Data block.
########################################

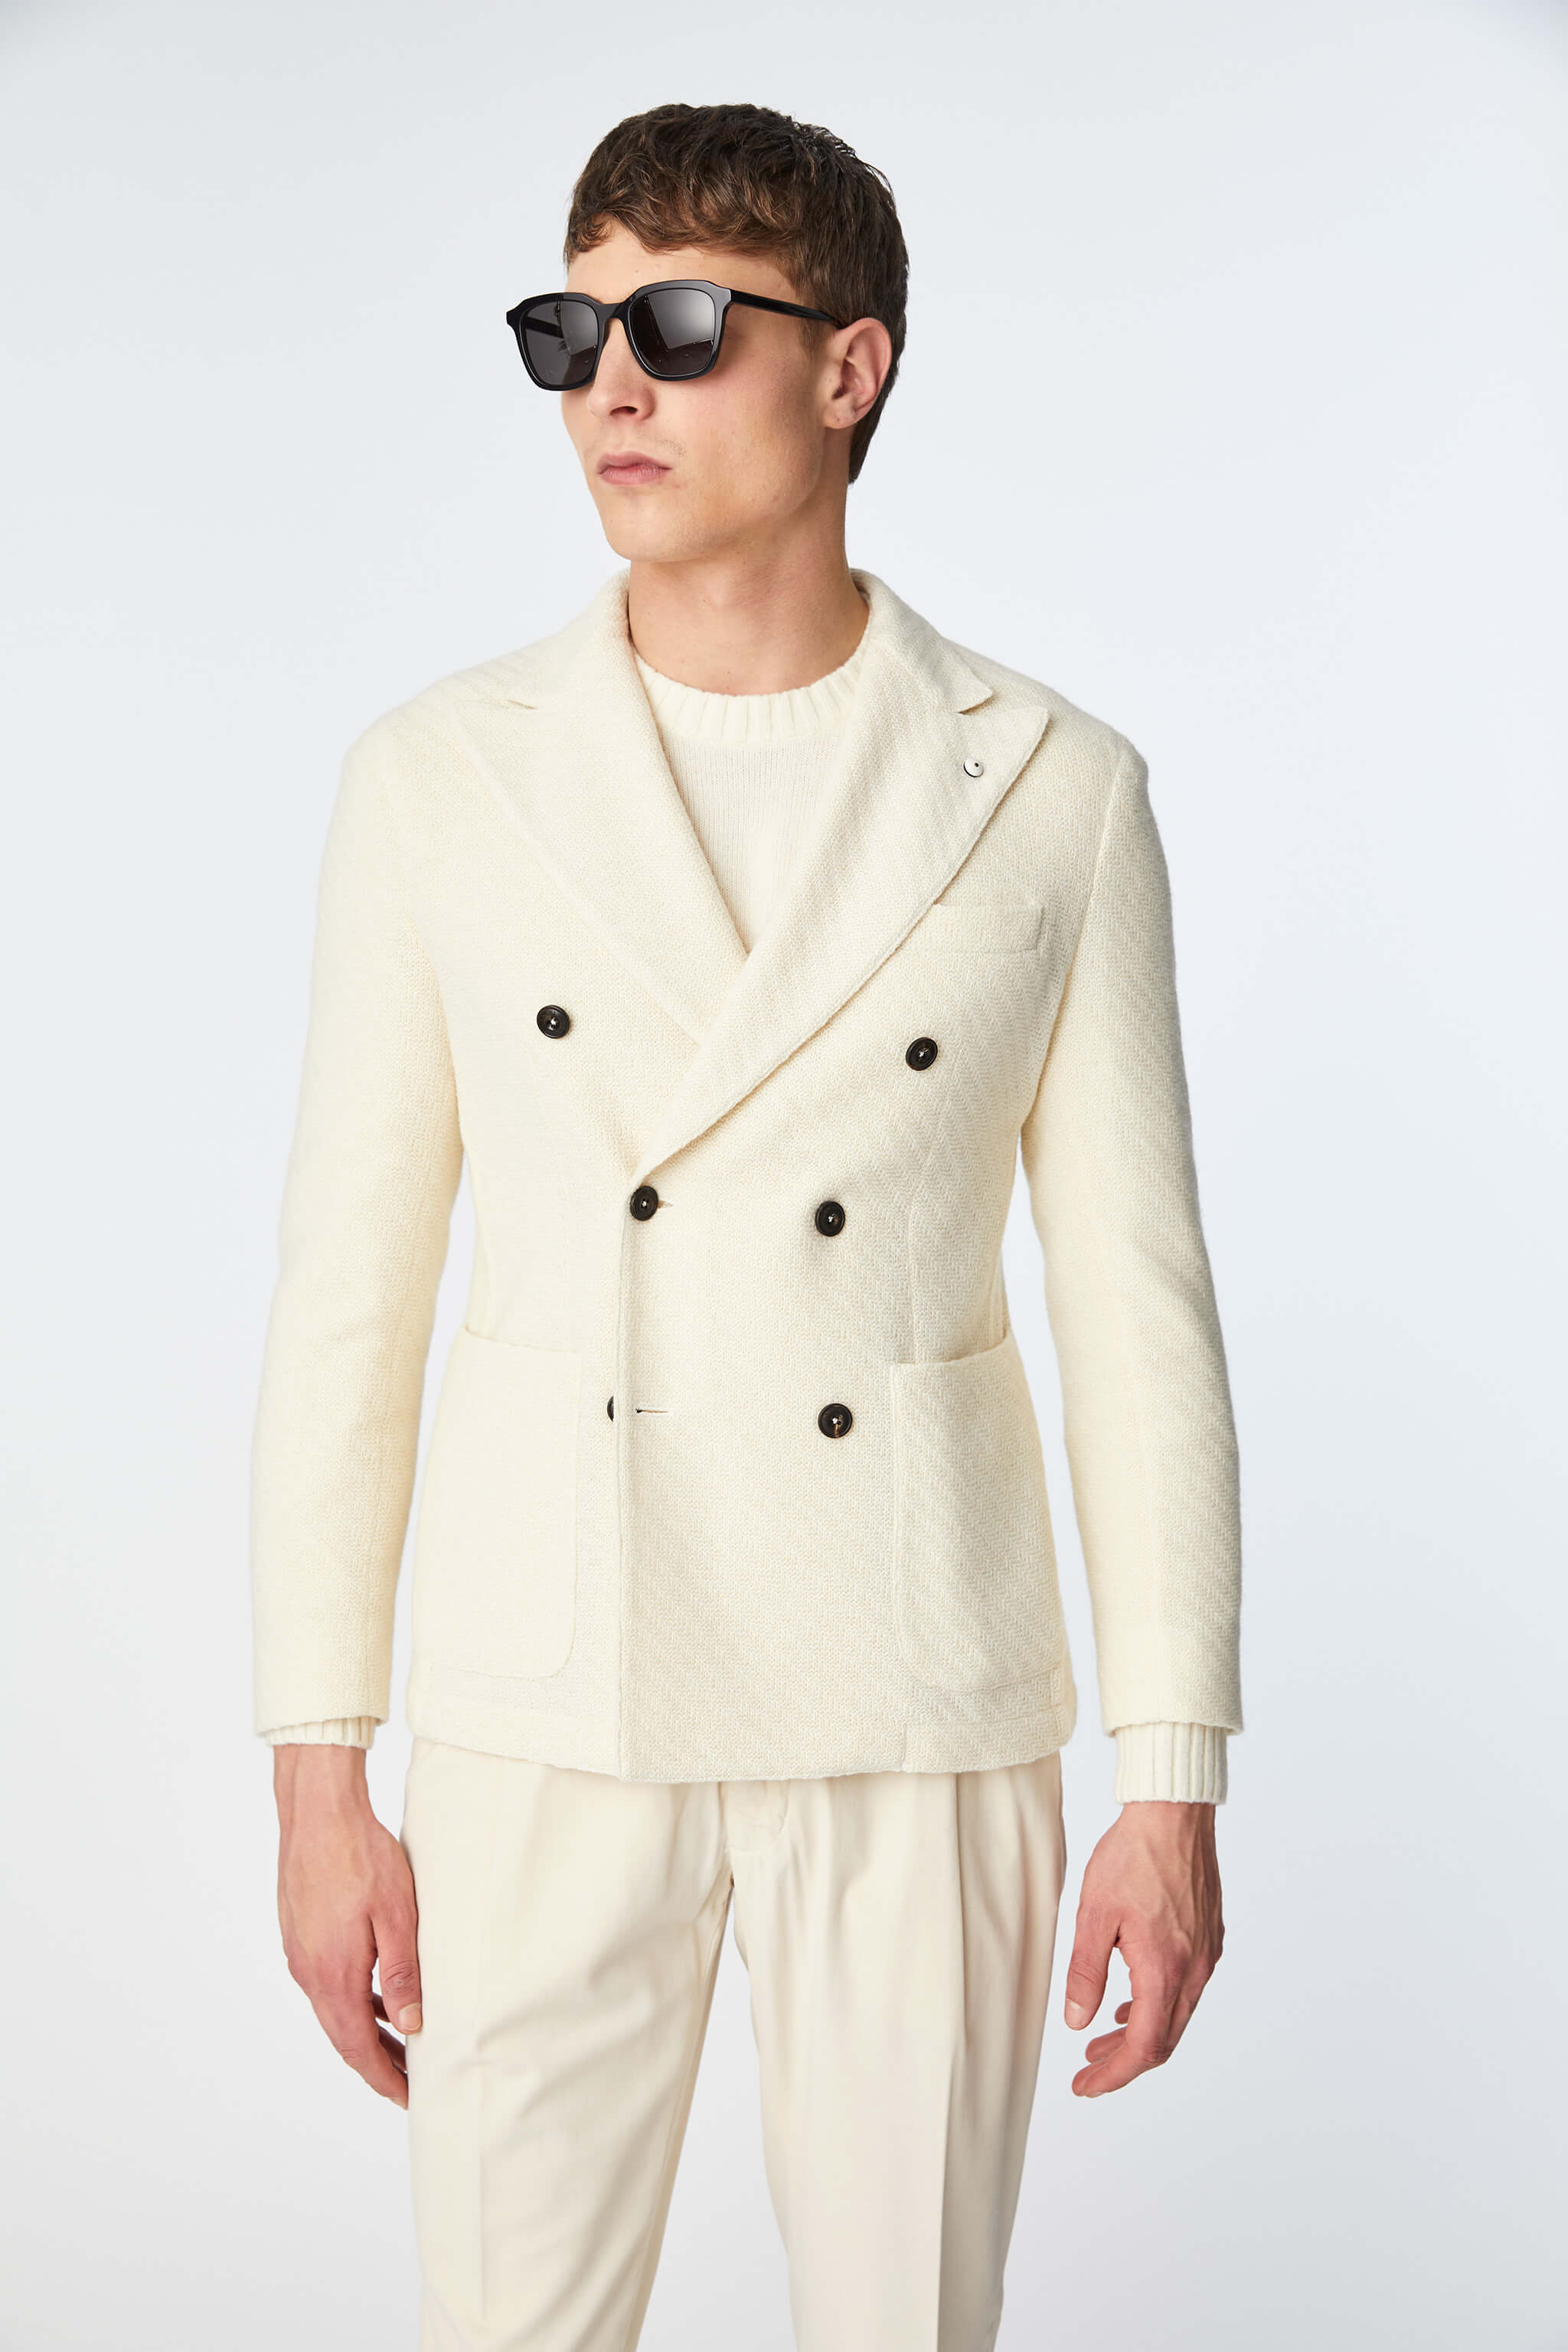 Double-breasted jacket in ivory
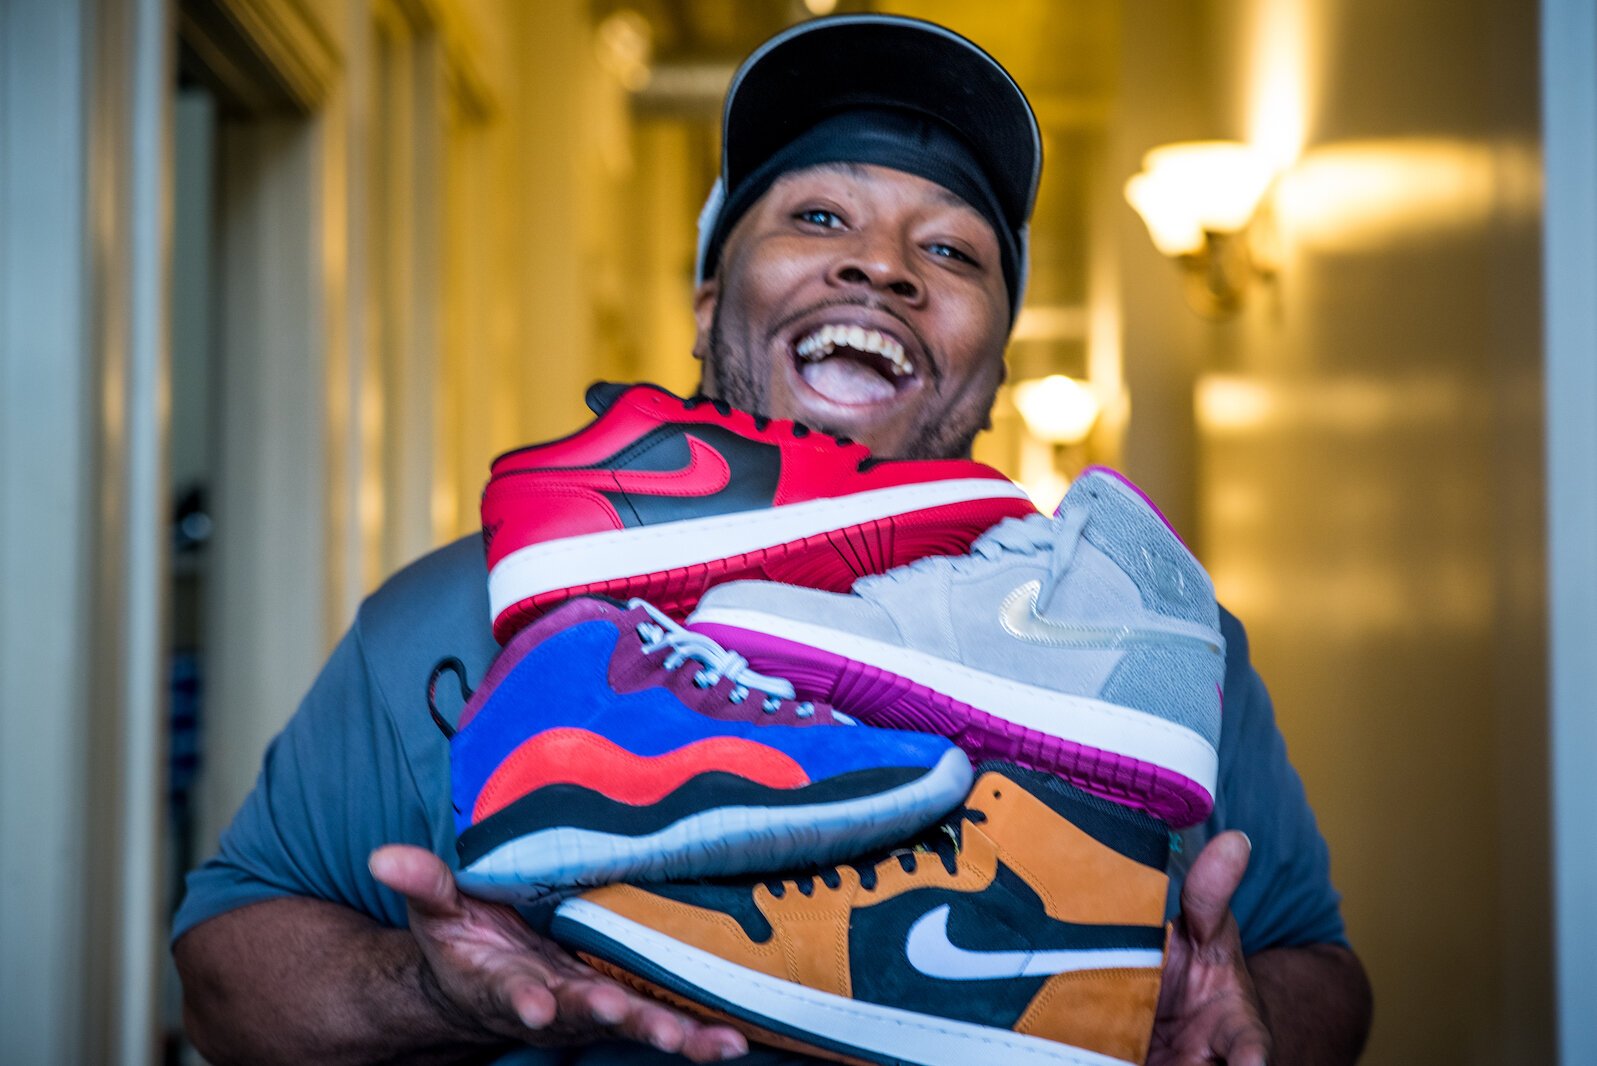 Roosevelt Lee-Fleming of Kalamazoo holds some of the sneakers that have been the focus of his business, The Drip Sneakers LLC.
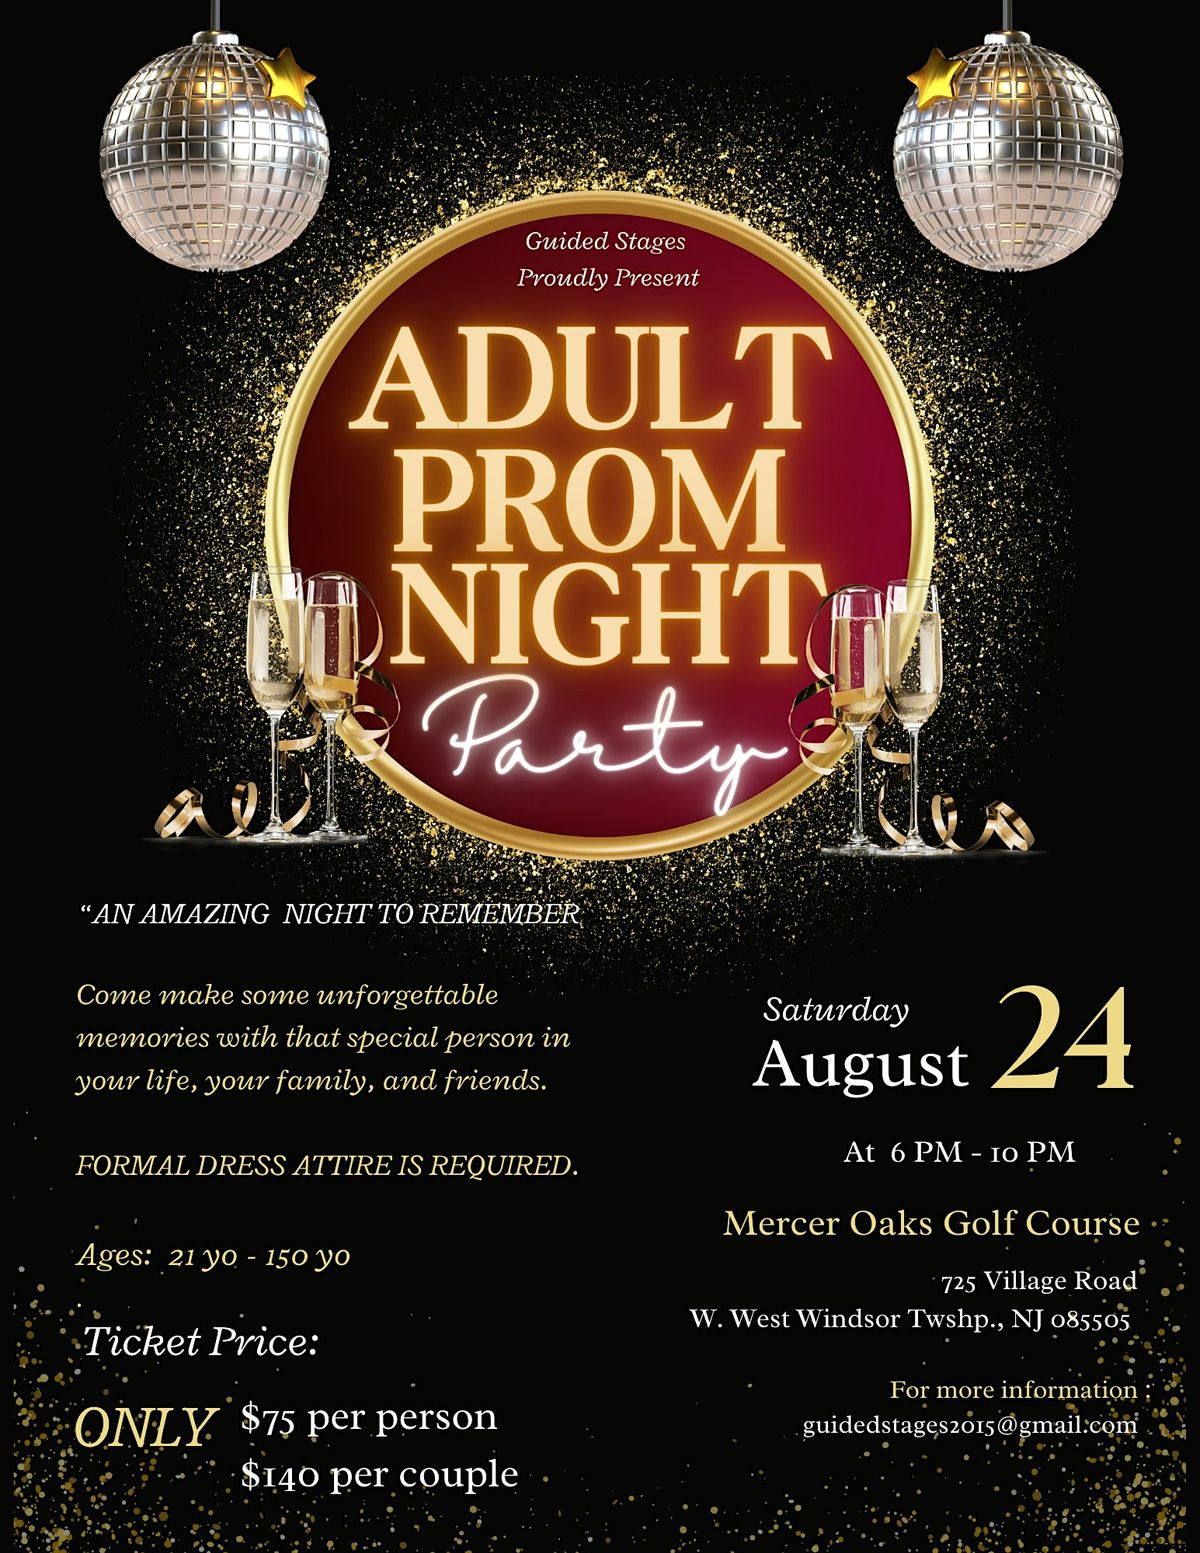 Guided Stages Adult Prom Night

########################################

Exercise details. Would you return the data above exactly as written, minus the images?

Answer space.
 Double-breasted jacket in ivory
 Roosevelt Lee-Fleming of Kalamazoo holds some of the sneakers that have been the focus of his business, The Drip Sneakers LLC.
 Guided Stages Adult Prom Night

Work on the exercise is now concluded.